Другая проблема: более чем когда-либо эта поэзия становится непереводима, и тем не менее никогда раньше ее не пытались переводить так часто, может быть, только для того, чтобы узнать о новых произведениях (вспомним, например, о роли Уэды Бина в Японии и о его переводах из французских символистов). Вот пример удачного перевода, но и в нем мы заметим неизбежные отступления от оригинала. Арпад Тот так перевел начало «Осенней песни» Верлена:
Текст
Les sanglots longs
Des violons
De l’automne
Bercent mon coeur
D’une langueur
Monotone
Перевод
Osz hurja zsong,
jajong, busong
a tajon
s ont monoton
but konokon
es fajon
Тот попытался соблюсти ритм и некоторый мелодический колорит, но омофоника, которую он сообщает рифме, чрезмерна и действительно монотонна, аллитерации улетучились, диереза исчезла, некоторые детали (скрипки, сердце печали) опущены, и перевод превратился в толкование — такова расплата за лаконичность венгерского языка.
Верлибр
Верлен попытался перестроить стих изнутри и добиться господства ритма в рамках силлабического стиха. Верлибристы намерены идти дальше; они больше не занимаются только подсчетом слогов, важны единицы ритма, которые диктуются и направляются метром и соответствуют ему. Они надеются таким образом заменить «математический ритм» ритмом «психологическим», более подходящим для воспроизведения внутреннего движения души. Рембо инстинктивно нашел нужную формулу в двух стихотворениях, входящих в «Озарения», — «Марине» и «Движении». Эти вещи, напечатанные в «Вог» в 1886 г., были, по выражению Дюжардена, «перстом судьбы, благодаря которому несколько молодых людей, искавших свои приемы, нашли их или по крайней мере смогли окончательно оформить».
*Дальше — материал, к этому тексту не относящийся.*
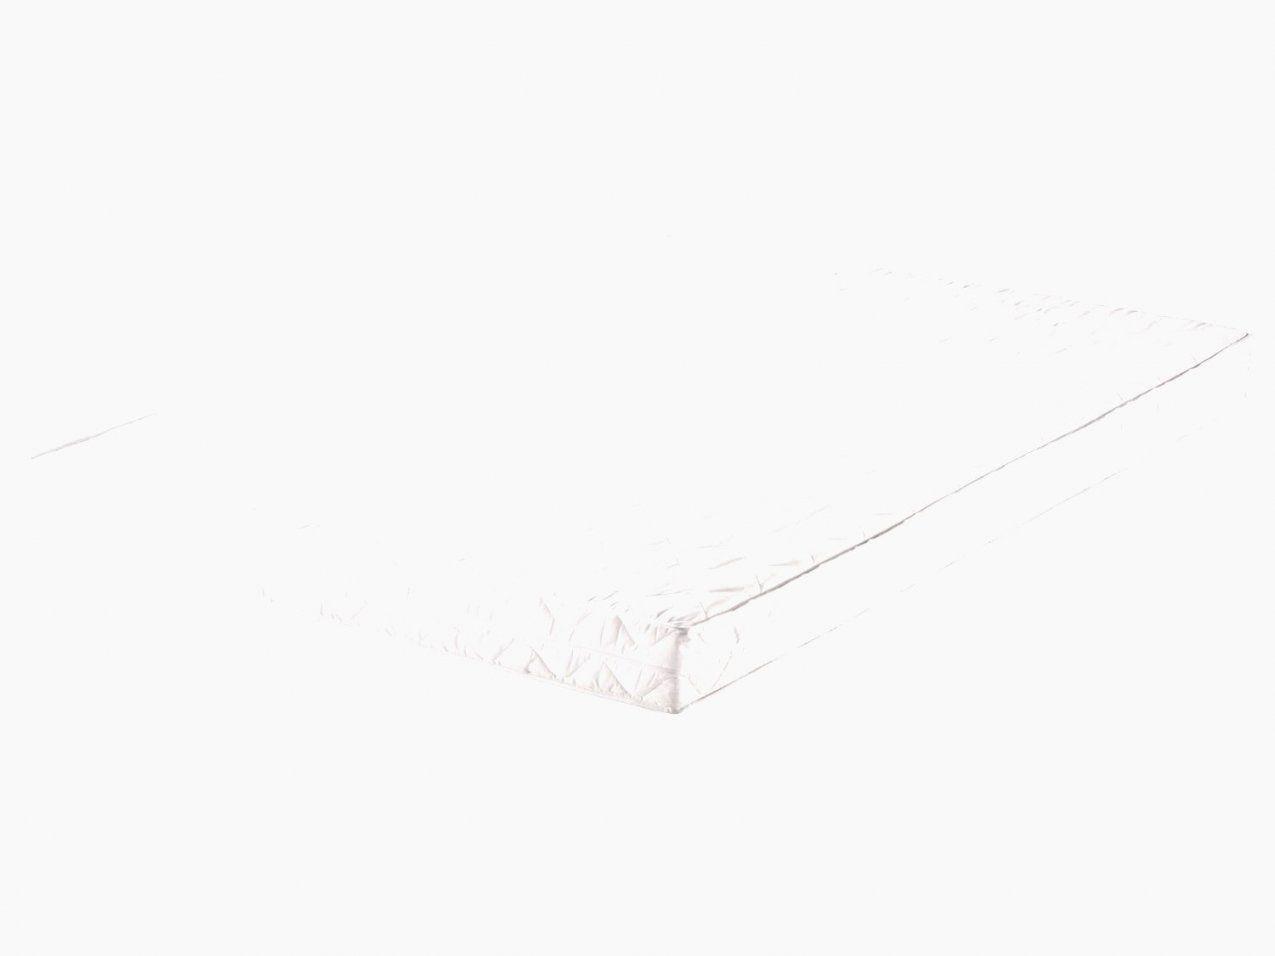 Fantastisch 140X200 Aldi Meradiso Komfortmatratze 140 X 200 Cm Zoom von Meradiso Komfortmatratze 140 X 200 Cm Bild

Известна роль Гюстава Кана в публикации стихотворений Рембо. Когда на следующий год он напечатает свою книгу стихов «Кочующие дворцы», то станет претендовать на титул главного изобретателя верлибра — «эластичной формулы», которая, как скажет он позднее, «освободила слух от постоянного и монотонного двойного счета старого стиха и упразднила ту эмпирическую каденцию, кажется, без конца напоминавшую поэзии о ее мнемотехническом происхождении, позволила каждому слушать песню, звучащую в ней самой, и как можно более точно воспроизводить ее». Следствием этого стало определенное соперничество. Мореас предъявил претензии, будто Кан украл у него это изобретение, а монмартрская поэтесса Мария Крысинска напомнила о своих стихах, которые она опубликовала в «Ша нуар» еще до 1882 г.